ABSTINENCE OR HARM REDUCTION
Any and all reductive and positive changes to one’s substance use are valuable. Helping people change their addiction behaviors is a step towards a new future. There are some individuals where abstinence is the goal based on personal consequences of their usage; for others, reducing the harm caused by the use of substances can at times pragmatically and effectively change their lives.
A PERIOD OF ABSTINENCE
In order to determine whether or not a program leading to full abstinence or harm reduction is acceptable, we stand by the notion that all clients, while in treatment, should abstain from all mind-altering substances. This period of abstinence provides time, space, and the energy necessary for the mind, body, and spirit to cleanse itself and bring forth the underlying problems that led to one’s addiction.
In order to address the desire to avoid pain and suffering and the drive to seek only pleasure, a period of abstinence creates an ability to truly absorb the techniques one can use to recover. Meditation, learning life skills, resolving past hurts, and unlearning old patterns of coping can only be done when one is in a clear, healthy, and balanced state of mind. Our goal is to have every client who graduates from our program understand and have control over their attachment to the substances that brought them to us. Furthermore, we encourage as long of a period of abstinence as is necessary to resolve any and all causes of one’s addictive behavior.
Arthur C. Evans Jr. PhD
CEO of the American Psychological Association
“If our goal is to promote health and reclaim lives, then we must understand the direct and sometimes circuitous paths through which individuals and families achieve and sustain health. We must meet each individual and family with fresh eyes in every encounter with a belief that each encounter is an opportunity for movement, no matter how small, towards health and wholeness.”

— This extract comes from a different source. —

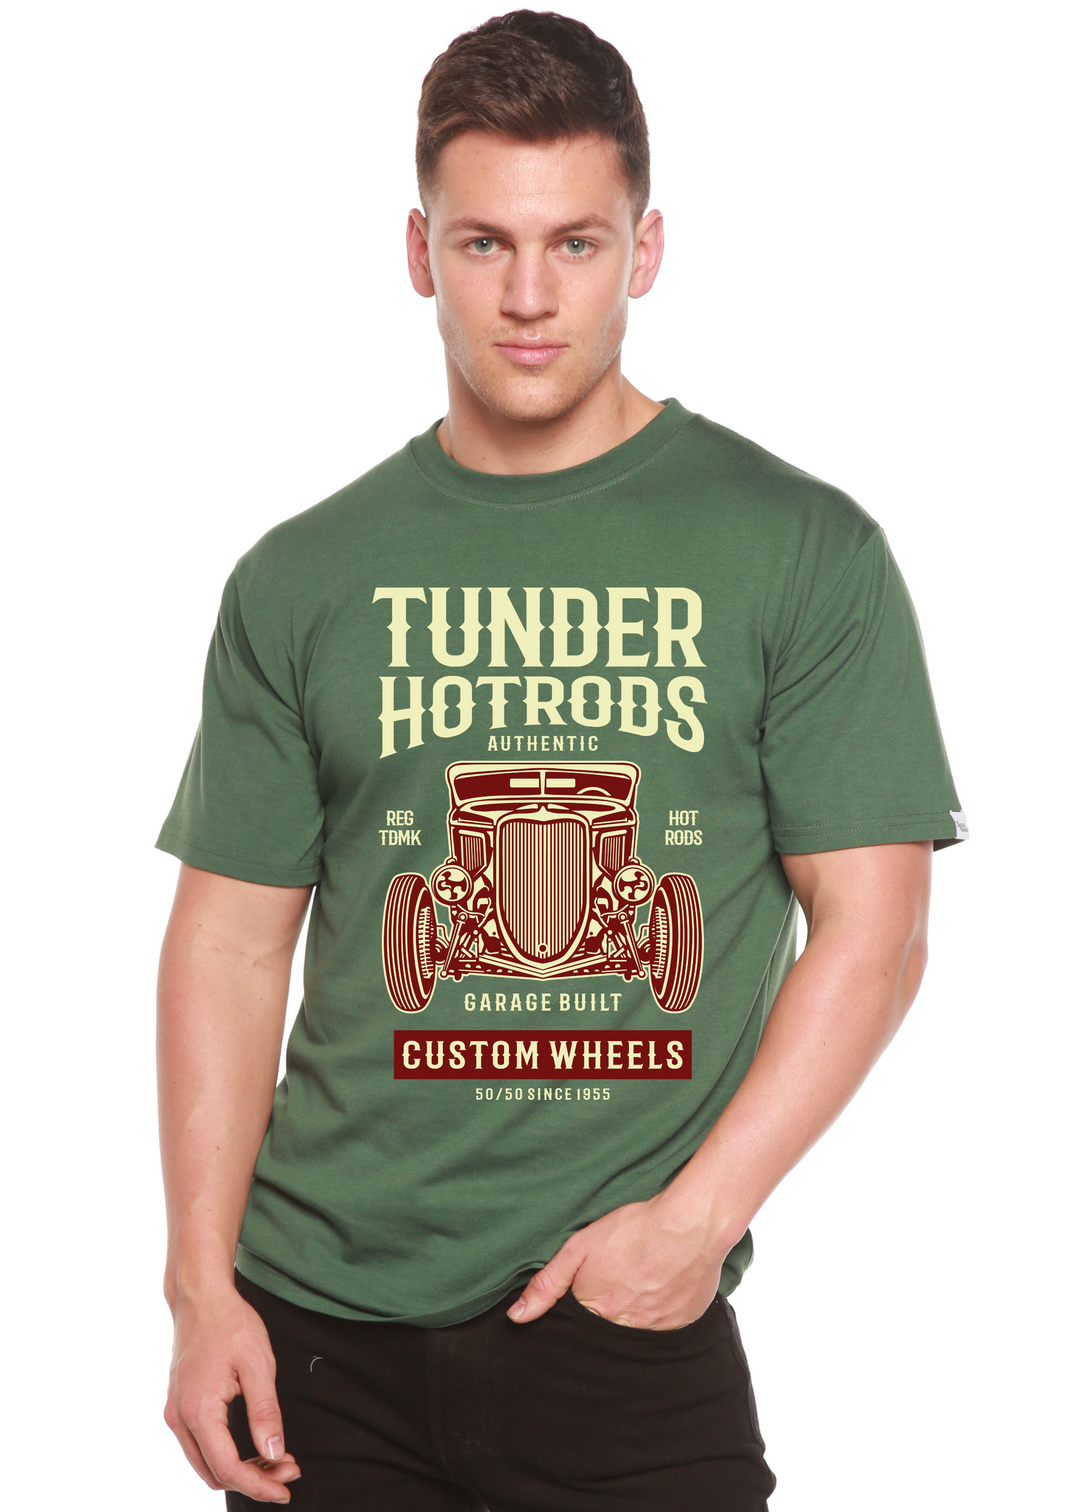 Thunder Hot men's bamboo tshirt pine green

Our focus regarding relapse prevention is to consistently and openly encourage clients to share about their cravings and attachments to people, places, and things. Our experiential group therapies, individual psychotherapy modalities, and spiritual guidance are rooted in mindfulness, honesty, and the client’s ability to ask for help.
“There should be an opportunity to give abstinence a chance because what that does for somebody is it gives them space to get to know themselves, really truly get to know themselves. We can’t do that when we are on drugs and alcohol. So, it creates a sense of awareness, a sense of presence that is not available when we are doing drugs.”